- Born: July 9, 1918 New York City, New York, U.S.
- Died: July 21, 2012 (aged 94) New York City, New York, U.S.
- Occupation: Actress
- Years active: 1969-2004 (film)
- Spouse: Max Dublin
- Children: 2

= Jessica Dublin =

American actress (1918–2012)

Jessica Dublin (July 9, 1918 – July 21, 2012) was an American actress who appeared in a number of Italian films.

==Biography==
Dublin was born in New York City to Hungarian immigrant parents. Her mother was a cellist, and her father worked in the construction business. She was married Max Dublin, an electrician who worked internationally, which led to the couple living abroad in numerous European countries.

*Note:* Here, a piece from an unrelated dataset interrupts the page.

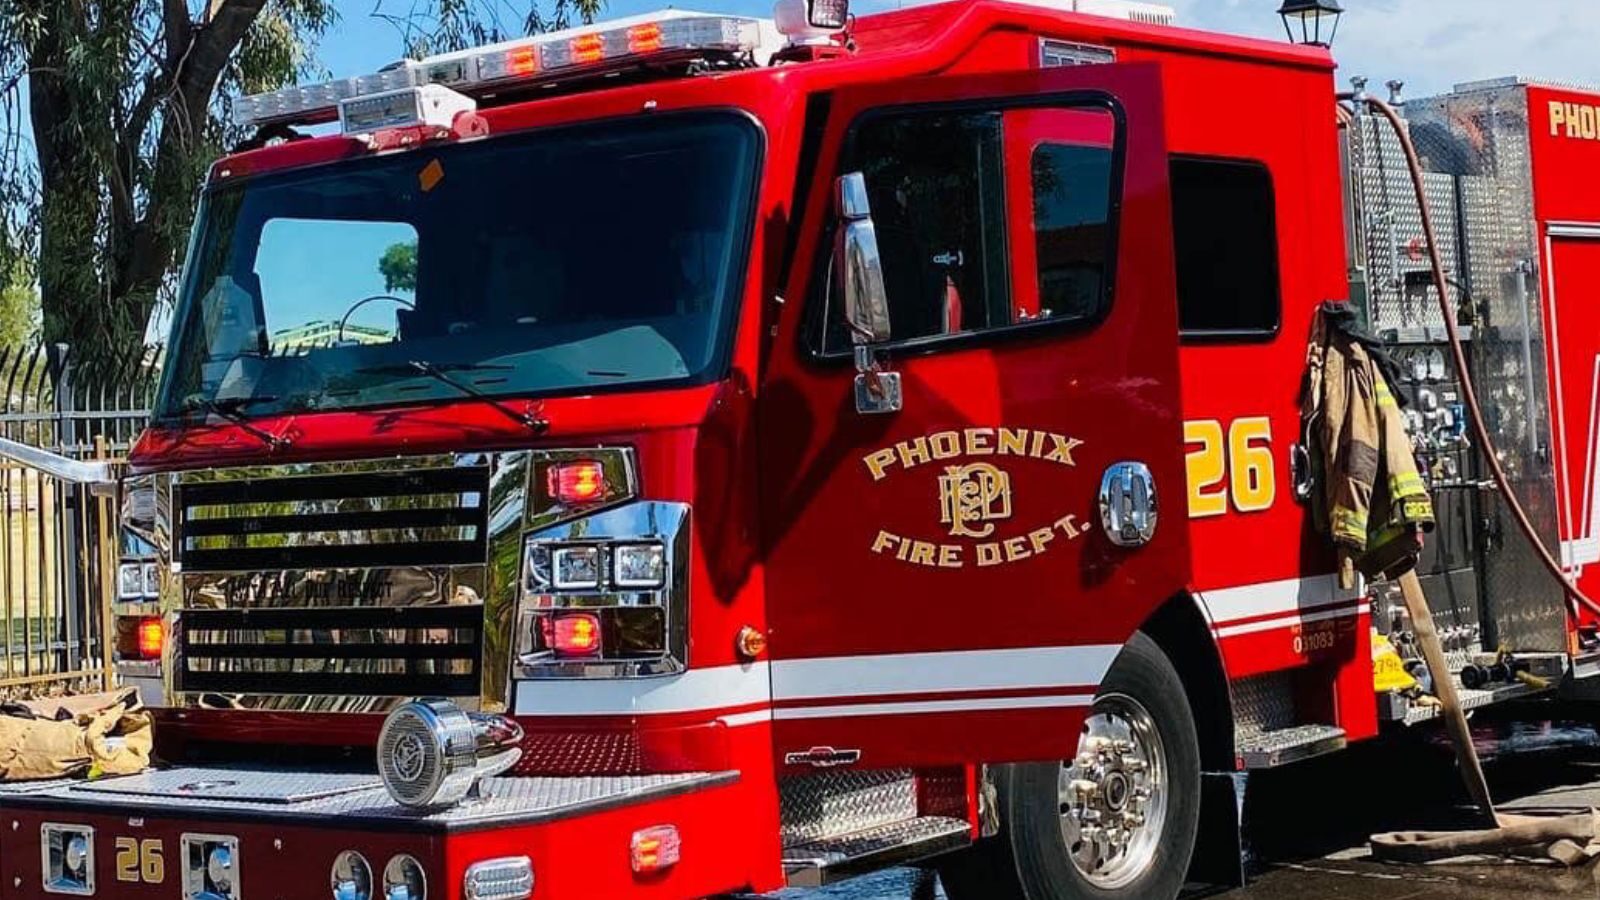 Phoenix Fire truck responds to distress...

While living in Rome, Dublin enrolled at the Arts Academy and began studying acting. While visiting the Cinecittà film studios, Dublin was recruited by a director. She began her career starring in several spaghetti westerns, as well as having minor bit parts in Fellini Satyricon (1969), Catch-22 (1970). She had supporting roles in They Call Me Trinity (also 1970) and The Last Rebel.

==Filmography==

| Year | Title | Role | Notes |
| 1969 | Fellini Satyricon |  | Uncredited |
| 1969 | The Damned | Nurse |  |
| 1970 | Cerca di capirmi |  |  |
| 1970 | Fragment of Fear | American Matron #1 |  |
| 1970 | Defeat of the Mafia | Prostitute |  |
| 1971 | The Last Rebel | Ruby, Pearl's partner |  |
| 1971 | Trinity Is Still My Name | 'Farrah' the Mother |  |
| 1972 | So Sweet, So Dead | Rossella |  |
| 1972 | La mala ordina | Miss Kenneth |  |
| 1973 | Io e lui | Trotti's Wife |  |
| 1973 | Il sesso della strega | Evelyn Hilton |  |
| 1973 | The Sensual Man | Prostitute on the road |  |
| 1974 | Psychi kai sarka (Esy ki ego) |  |  |
| 1976 | Land of the Minotaur | Mrs. Zagros |  |
| 1976 | Zo gia ton erota |  |  |
| 1976 | The Hook | Blonde Lady Friend Of Kostas |  |
| 1976 | Death Has Blue Eyes | Geraldine Steinwetz |  |
| 1976 | Erotika zevgaria |  |  |
| 1976 | Island of Death | Patricia |  |
| 1977 | The Fruit is Ripe | Lady in Hotel | Uncredited |
| 1977 | Death Steps in the Dark | Defilè personnel | Uncredited |
| 1978 | The Greek Tycoon | Woman on Tomasis's Boat | Uncredited |
| 1979 | Turi and the Paladins | Americana |  |
| 1979 | To hamogelo tis Pythias |  |  |
| 1980 | Savage Hunt | Hotel Manager |  |
| 1985 | The Electric Chair | Mother |  |
| 1988 | Rejuvenatrix | Ruth Warren |  |
| 1988 | Troma's War | Dottie |  |
| 1989 | Escape from Safehaven | Mama |  |
| 1989 | The Toxic Avenger Part II | Mrs. Junko |  |
| 1989 | The Toxic Avenger Part III: The Last Temptation of Toxie |  |
| 1991 | Voodoo Dolls | Blanche Trousdale |  |
| 1997 | The Hotel Manor Inn |  |  |
| 1998 | Somewhere in the City |  |  |
| 1998 | Aphrodisiac | Mrs. Adler |  |
| 1999 | A Clown in Babylon | Mother |  |
| 2002 | God Is on Their Side | Rabbi's Wife |  |
| 2014 | The Deviants | Violet Scuttleby | (final film role, filmed in 1994) |

== Bibliography ==
- Pitts, Michael R. Western Movies: A Guide to 5,105 Feature Films. McFarland, 2012.